If there are two (can be generalized to n) classes and both follow the same distribution (but with different parameters) it is possible to predict which class an observations comes from.

Here I’ll try to predict a sample’s gender based on their height. The distribution of a person’s height is more or less normal. There are two parameters of a normal distribution. I’ll consider the easy case in this post: males and females have different average heights, but the distributions have the same standard deviation.

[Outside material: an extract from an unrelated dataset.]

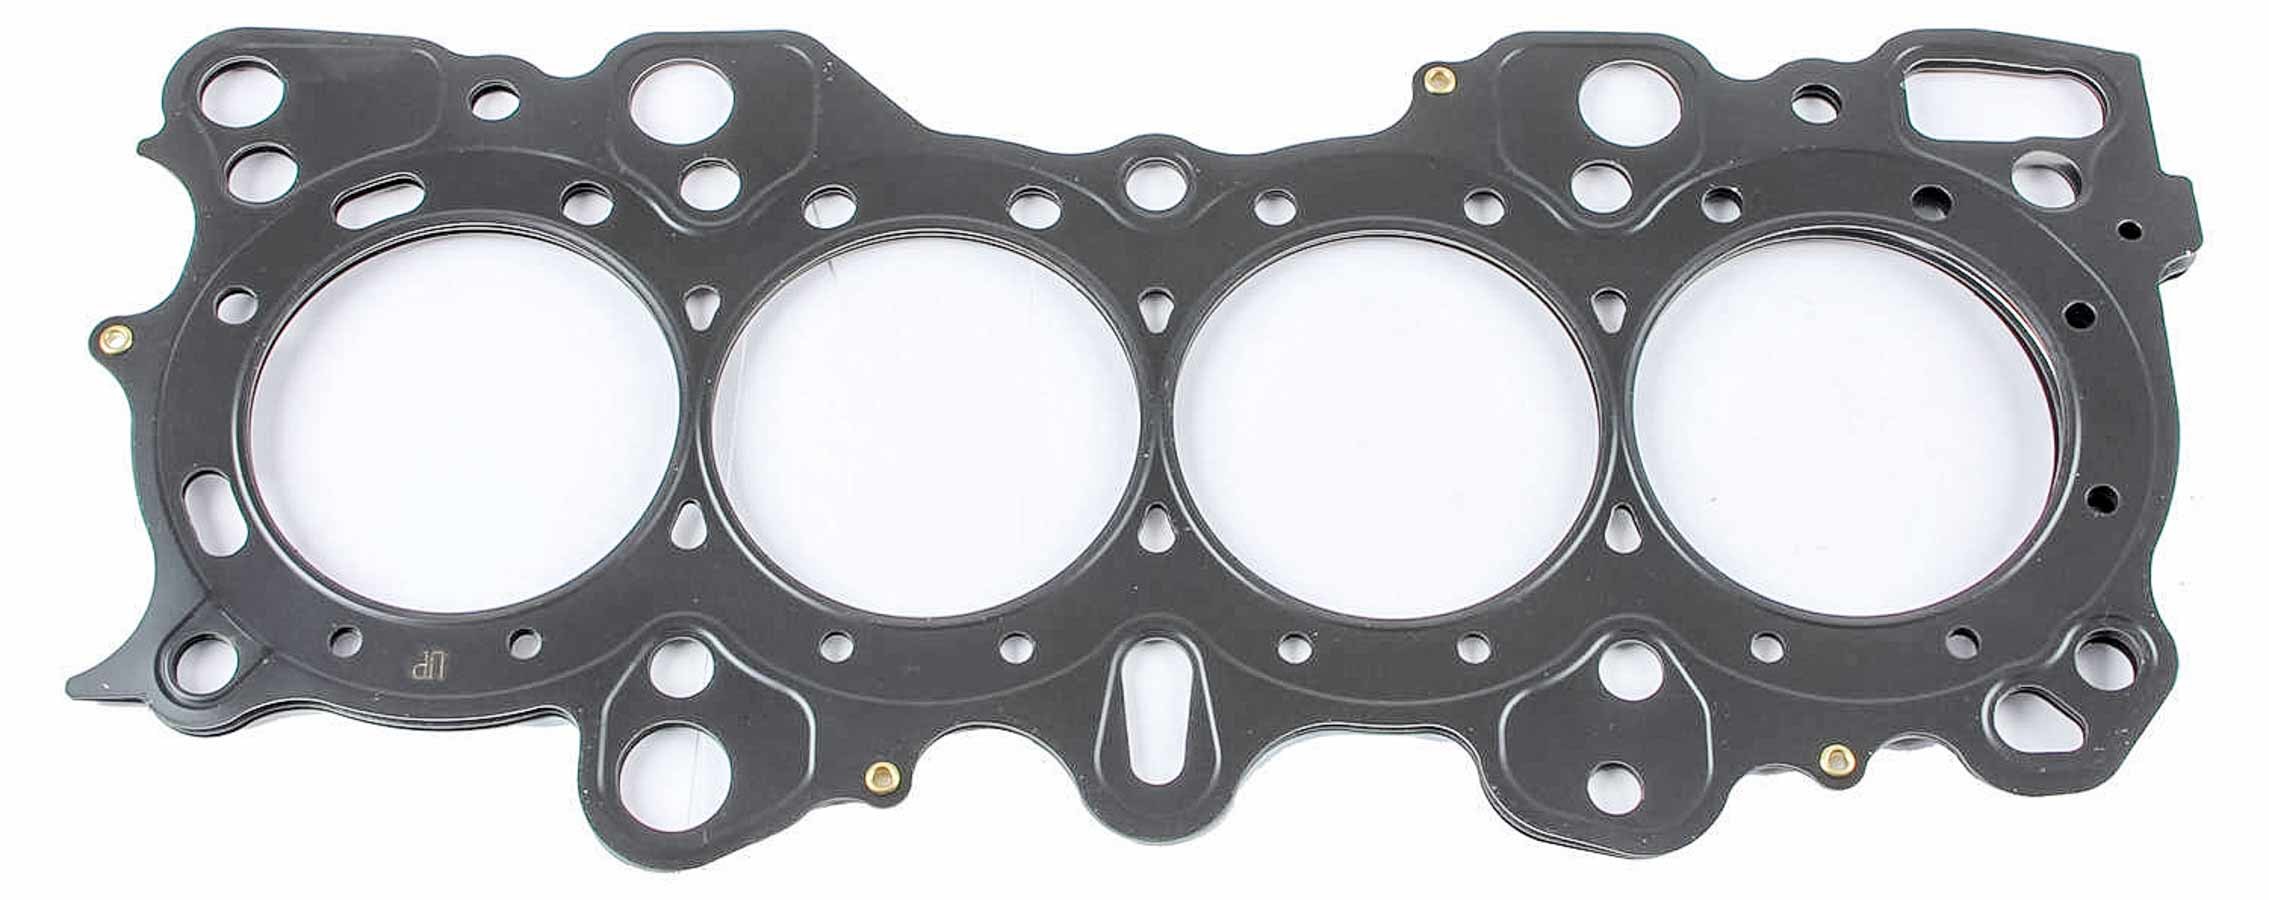 Cometic Gaskets C4191-030 Cylinder Head Gasket, 82.0 mm Bore, 0.030 in Compression Thickness, Multi-Layer Steel, Honda B-Series, Each

For the graphs and subscripts, male = 1, female = 0.

There are 3 things to do:

1. Make sure our data is roughly normal. If our prediction is predicated on the data being normal, it data better be normal.
2. Derive the decision rule.
3. Test how well our rule works.

The data set we’ll be using is from the Journal of Statistics Education. I’ve stripped out most the the information except for height, and gender.

Is Our Data Normal
Have a look at this graph:

Looks more or less normal like we thought, but what about the genders by themselves.

Male vs Female

Again this looks good.[1]

Deriving the Decision Rule

Great, so the the data is normal, but what’s next. We’ll make the decision to classify a case to a gender if the probability of that case being male is greater than that case being female. Or, formally,
$P(case = male | height = x) \geq P(case = female | height = x)$
Because we’ve assumed normality let’s put the pdf’s the inequality.
$\frac{1}{\sqrt{2\pi\sigma^2}}\exp{\frac{-(x - \mu_1)^2}{2}} \geq \frac{1}{\sqrt{2\pi\sigma^2}}\exp{\frac{-(x - \mu_2)^2}{2}}$
Remember, we assumed that the standard deviations were the same.
It’s fairly obvious form the equations[2] that when,
$(x - \mu_1)^2 \leq (x - \mu_0)^2$
the original inequality will hold. Now if we do some algebra we can see that when
$x \geq \frac{\mu_1 + \mu_0}{2}$
the case will be classified as male. To visualize this, it would be a vertical line through the average of the means. Anything on the right male, on the left female.

Testing

To see how well our decision rule works the data needs to be split into a training set – to put actual numbers to the rule – then a testing set to see how well the prediction works.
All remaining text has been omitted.